Member of the Maryland House of Delegates from the Frederick County district
- In office 1927–1935 Serving with Casper E. Cline Jr., Anderson H. Etzler, U. Grant Hooper, Lewis F. Kefauver, Harry W. LeGore, John D. Nicodemus, Grayson E. Palmer
- Preceded by: Alton Y. Bennett, Albert L. Hauver, Arthur F. Hightman, U. Grant Hooper, Lewis F. Kefauver
- Succeeded by: A. Lamar Barrick, George E. Castle, John B. Funk, Joseph B. Payne, Jacob R. Ramsburg
- In office 1916–1918 Serving with Edward S. Delaplaine, Howard D. Kefauver, R. Gassaway Molesworth, Millard F. Rice
- Preceded by: McGill Belt, August T. Brust, George A. Bussard, Markell H. Nelson, Eugene A. Wachter
- Succeeded by: Edward S. Delaplaine, Charles M. Kline, Grayson E. Palmer, Millard F. Rice, Frank L. Spitzer

Personal details
- Died: April 8, 1945 (aged 66) Brunswick, Maryland, U.S.
- Spouse: Neda D. Hemp ​(m. 1903)​
- Children: 7
- Occupation: Politician; farmer;

= D. Charles Flook =

American politician (died 1945)

D. Charles Flook (died April 8, 1945) was an American politician from Maryland. He served as a member of the Maryland House of Delegates, representing Frederick County, from 1916 to 1918 and from 1927 to 1935.

==Career==
Flook was a farmer near Petersville, Maryland.

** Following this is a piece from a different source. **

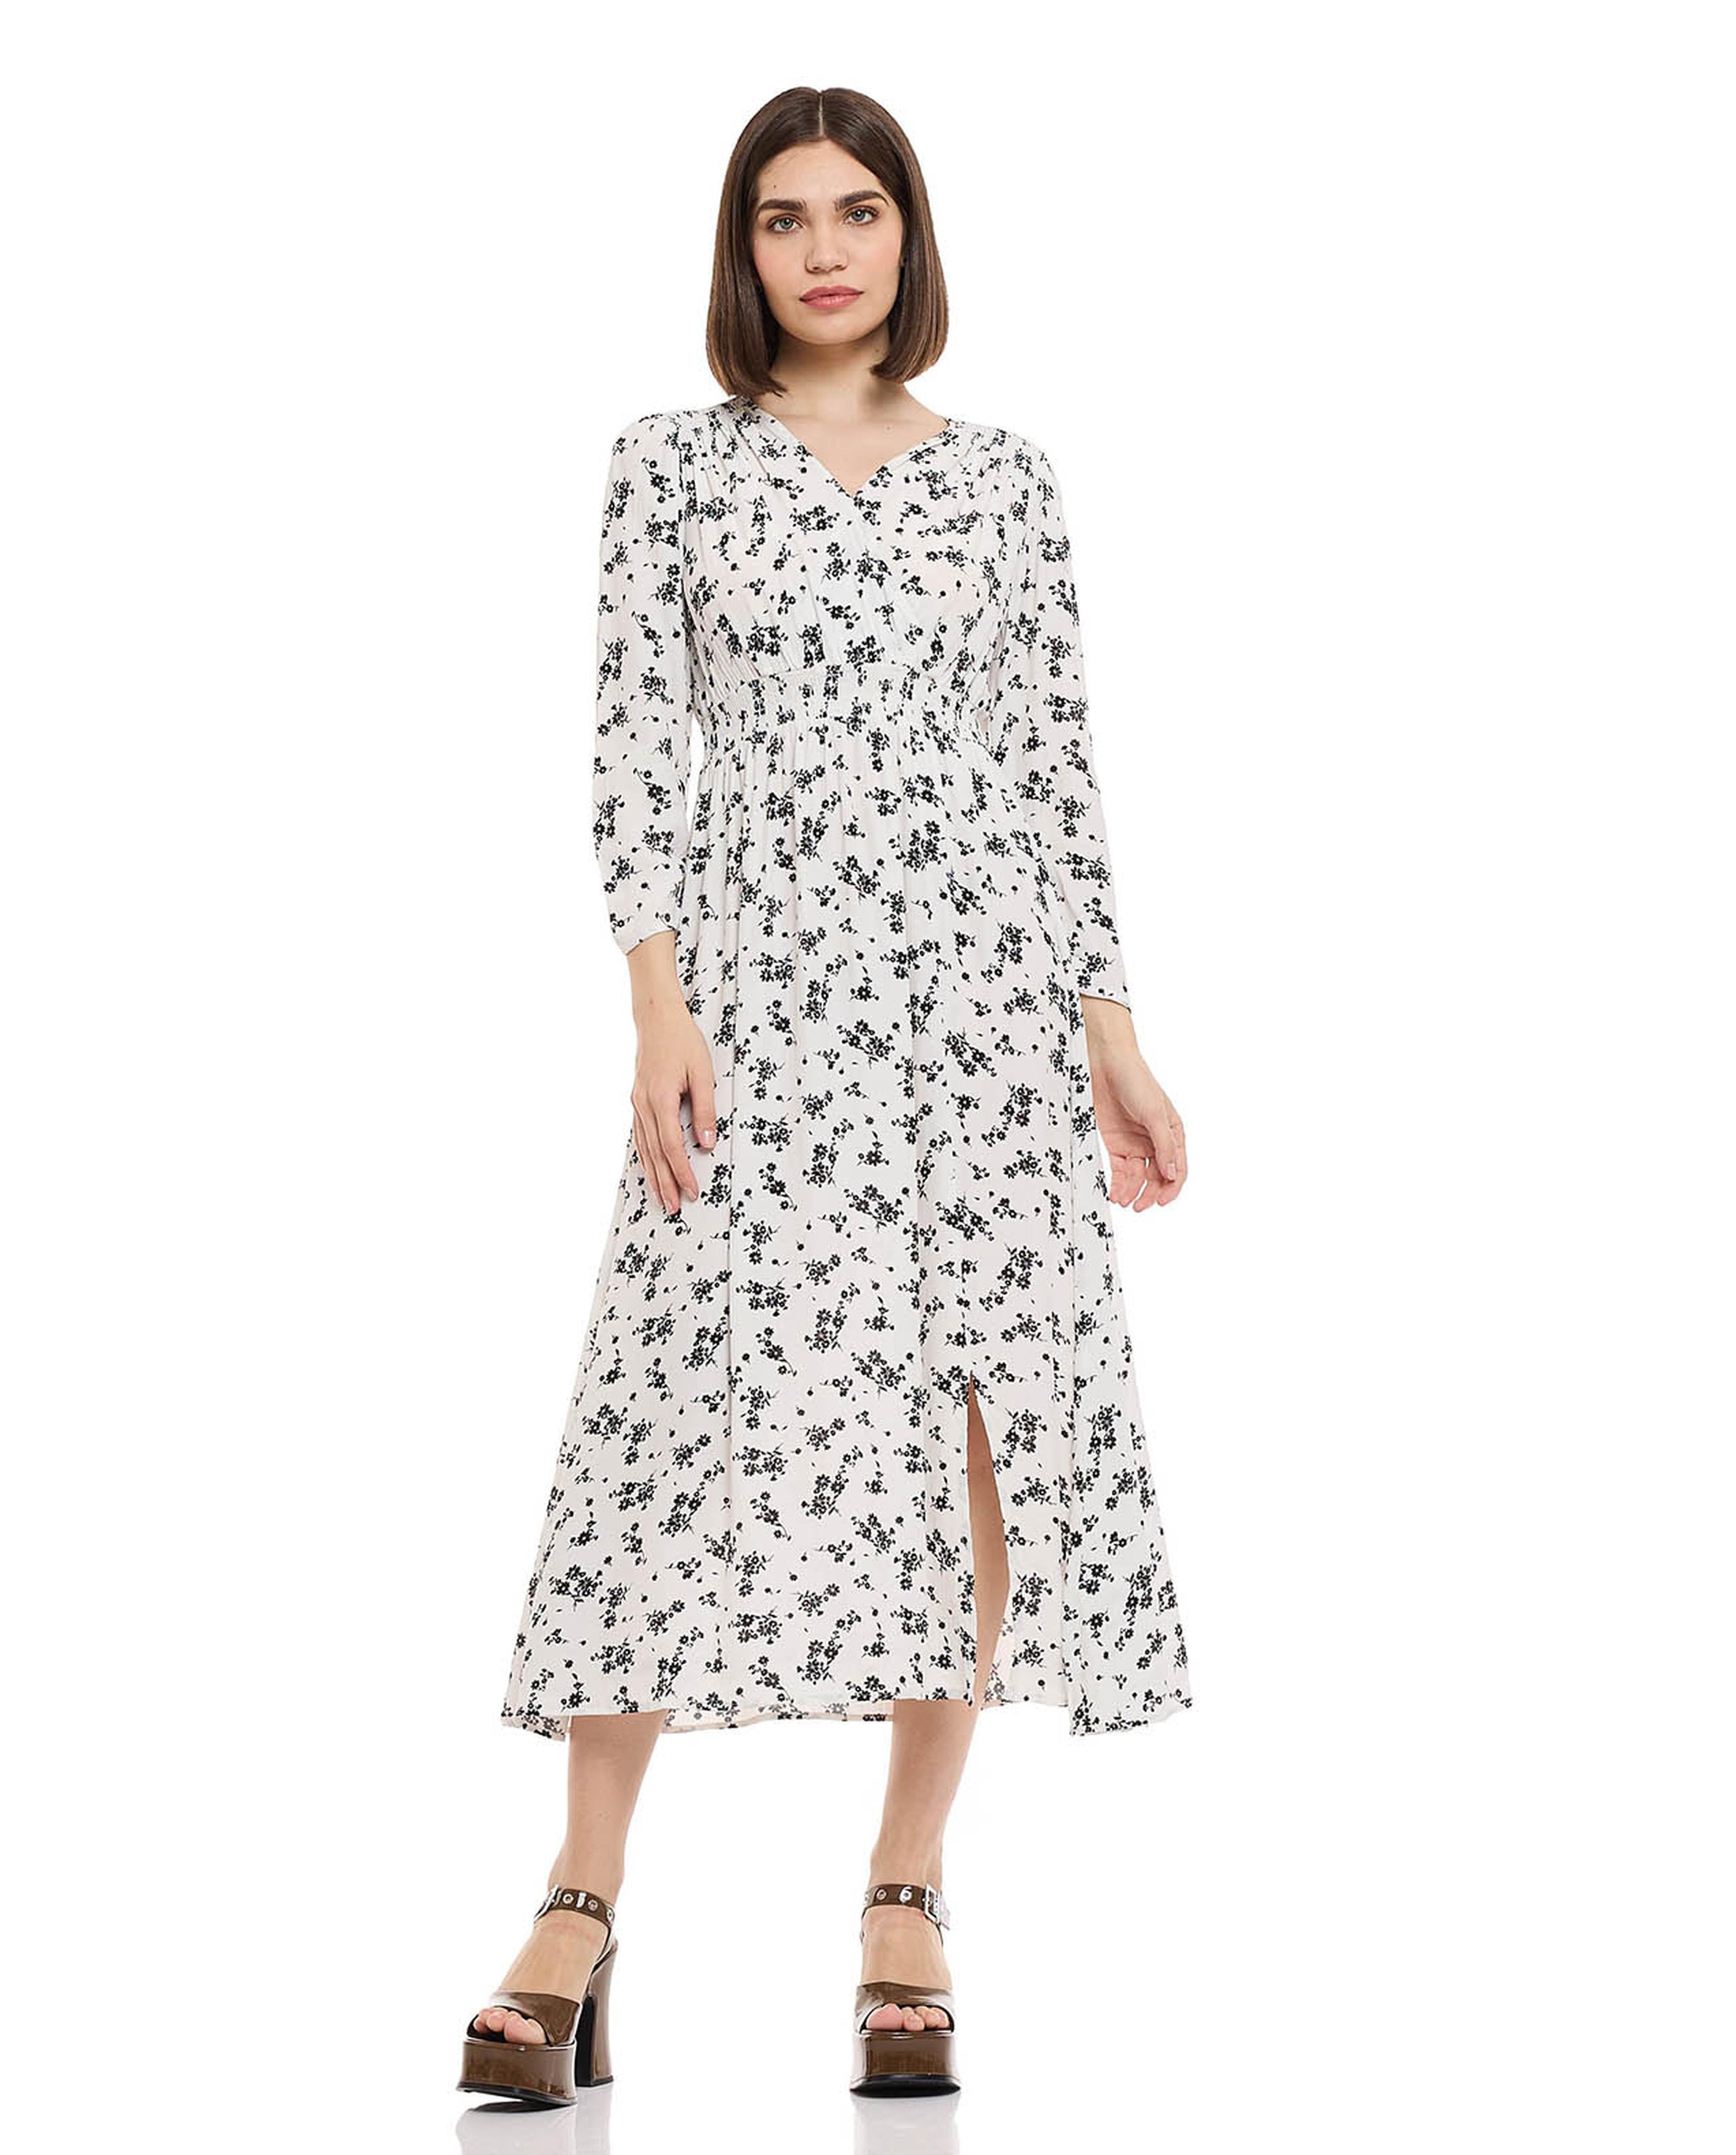 Floral Print Midi Dress with V-Neck and 3/4 Sleeves

Flook was a Republican. He served as a member of the Maryland House of Delegates, representing Frederick County, from 1916 to 1918 and from 1927 to 1935.

==Personal life==
Flook married Neda D. Hemp, daughter of Clayton R. Hemp, of Jefferson on December 29, 1903, at St. Paul's Lutheran Church in Jefferson. They had seven children, including Evelyn, Nena Adele, William C., D. Charles Jr., Mrs. Charles S. Schrodel and Margaret H.

Flook died on April 8, 1945, aged 66, at Schnauffer Hospital in Brunswick.